A Theoretical Calculation Guided Strategy for Designing Energetic Composite Materials with Enhanced Thermal Conductivity by Adjusting Interfacial Interactions

Abstract

The safety issues arising from inefficient heat dissipation in energetic materials demand innovative thermal management strategies. Herein, we proposed a strategy for guiding the design of energetic composite materials with enhanced thermal conductivity based on the molecular dynamics and density functional theoretical methods. Based on this strategy, the suitable filler for improving the thermal conductivity of different kinds of energetic materials may be quickly selected out, and way to further balance the thermal conductivity and amount of filler could be figured out.
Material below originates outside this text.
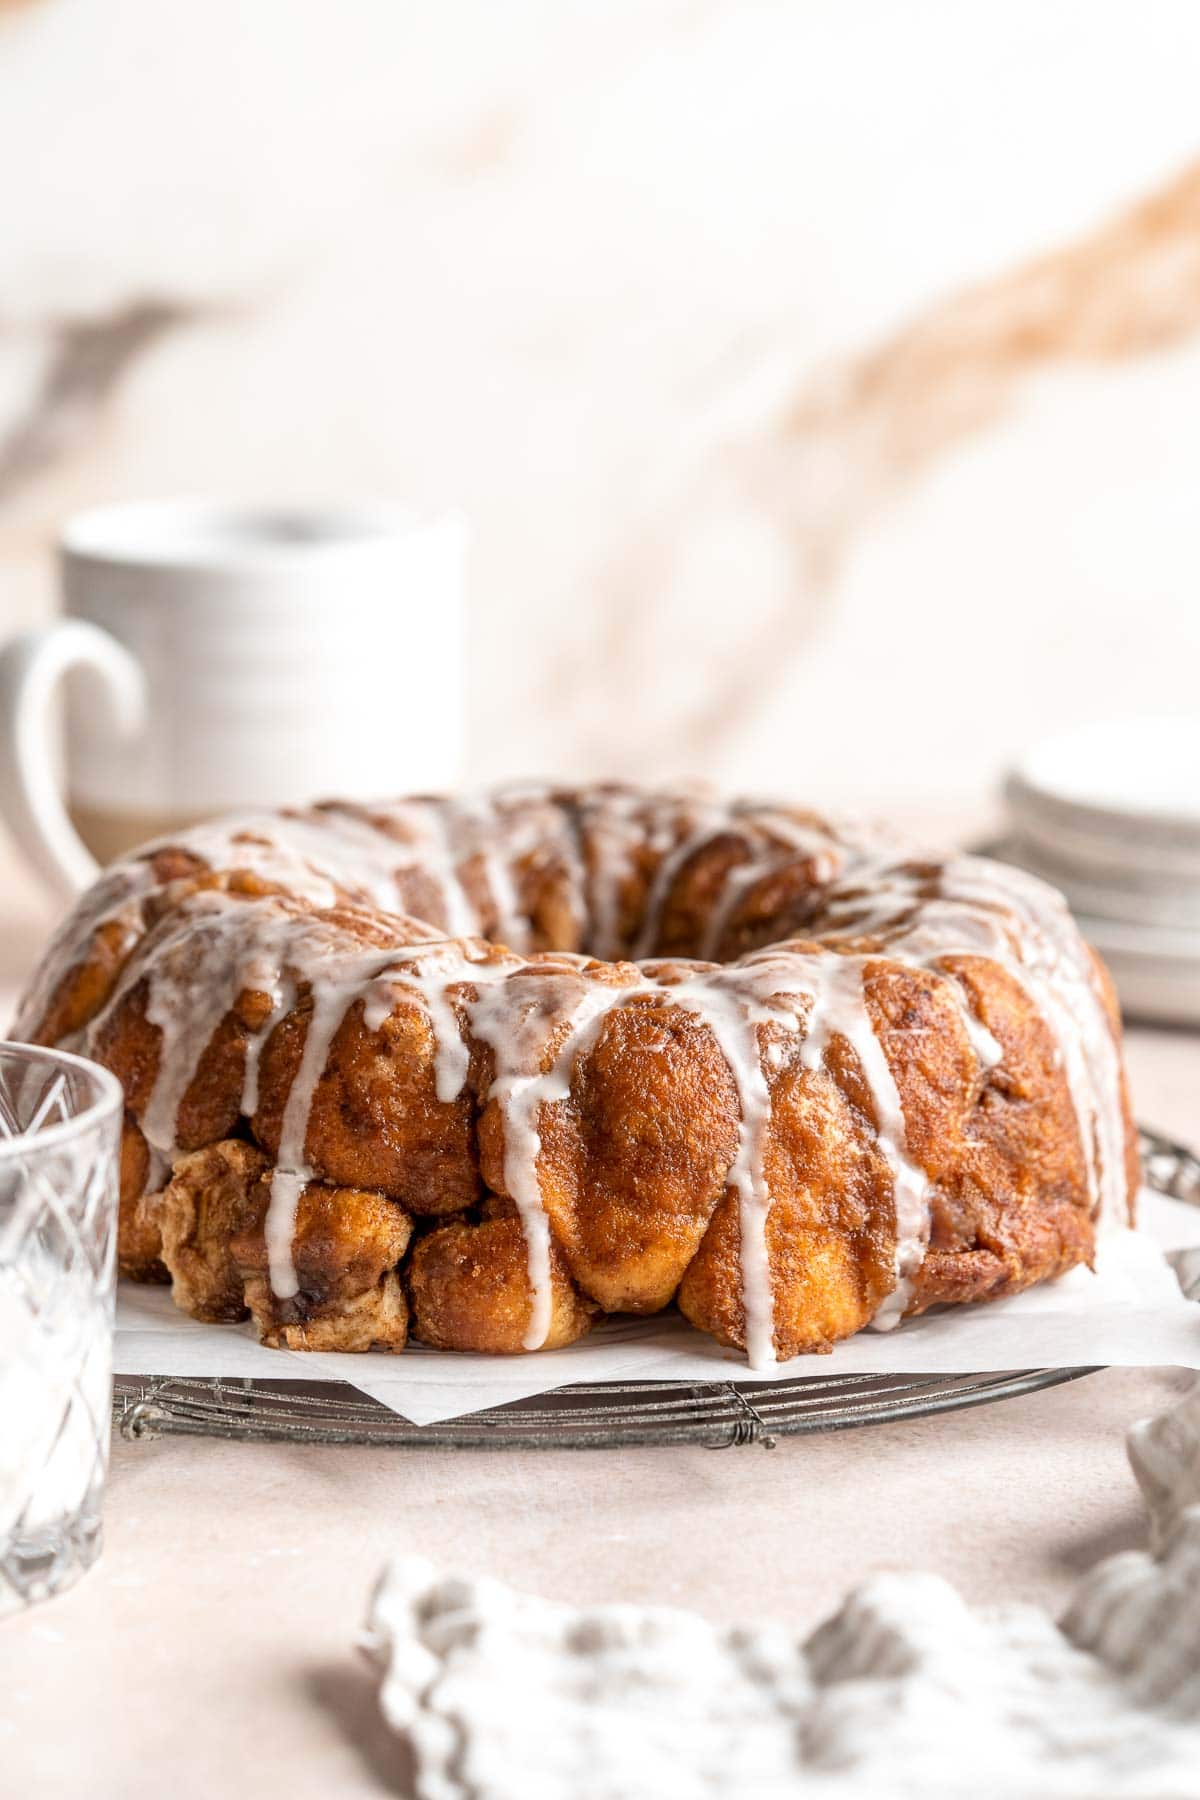 Monkey Bread is a delicious pull apart breakfast pastry made with a super soft dough coated in cinnamon sugar and topped with homemade caramel sauce. | aheadofthyme.com

The resulted showed the h-BNNS is a suitable filler which can improve the thermal conductivity of famous energetic material HMX by about 8.16%, and this could be further increased to 30.48% by doubling the amount of h-BNNS. More importantly, the thermal conductivity of HMX can also obviously enhanced by adjusting the interfacial interactions between fillers and energetic materials without doubling the amount of h-BNNS. Which was achieved by using the hydroxylated h-BNNS (h-BNNS-OH) was the filler to greatly increasing the binding strength, reducing the interface thermal resistance and facilitating phonon transport, through the strong hydrogen-bonding interactions between h-BNNS-OH and HMX. This work may provide a insight for establishing an atomic-scale design paradigm for thermally stable energetic materials through synergistic interfacial chemistry and phonon engineering.